Can you guys post some experiences with Palumbo's diet + results? I'd like to give a try to this diet, since the strength gains, which you mention, sound very interesting...

----------


## strength_addict14

Once you get past the first week and get into ketosis you feel great. Make sure you are getting good fats in you because thats where your energy comes from. I was really suprised at how well I responded. Fat started to peel off me and I felt very strong. Can't drink milk though which is torture for me as I love the stuff haha. I would give it a shot bro, I really dont think that we need a bunch of carbs, we are hunter-gathers after all.

----------


## Madmax209

Are you getting the cheat meal every week bro?

----------


## Ronnie Rowland

> I have been doing Dave Palumbo's diet for about a month now. I know that this doesn't make much sense, but I have been making very good consistent gains in all my lifts. Have you guys exp. something like this? Truthfully I was expecting the opposite. Dropping body fat well which was the point.

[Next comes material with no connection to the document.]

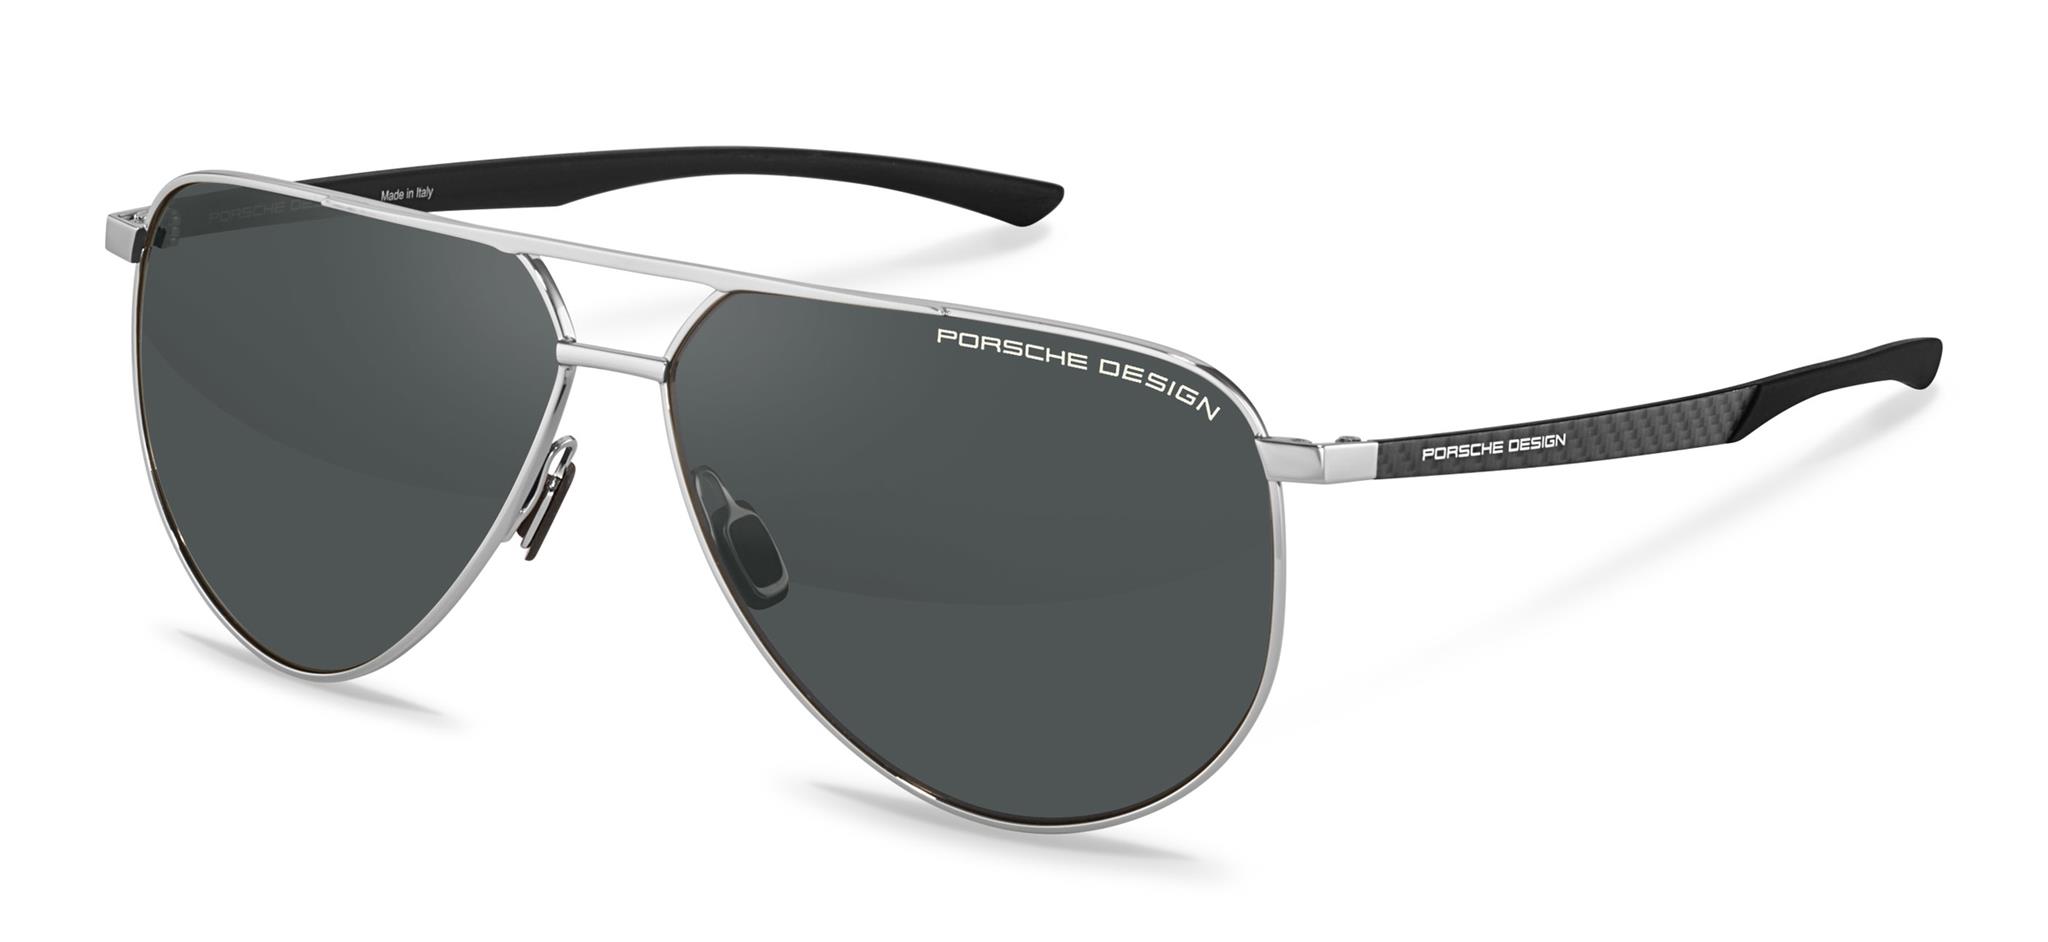 Porsche Design sunglasses

You'l find that 2 weekly cheat meals may help even more with power. Fat/proteins help build strength and like doc said-carbs can be over-rated for power-lifting or lower volume training..I would not stay in ketosis long term because its tough on the body..

----------


## strength_addict14

What do you guys think a reasonable cheat meal would be? Gallon of milk? haha thats really what I crave on this diet.

----------


## DSM4Life

> You'l find that 2 weekly cheat meals may help even more with power. Fat/proteins help build strength and like doc said-carbs can be over-rated for power-lifting or lower volume training..I would not stay in ketosis long term because its tough on the body..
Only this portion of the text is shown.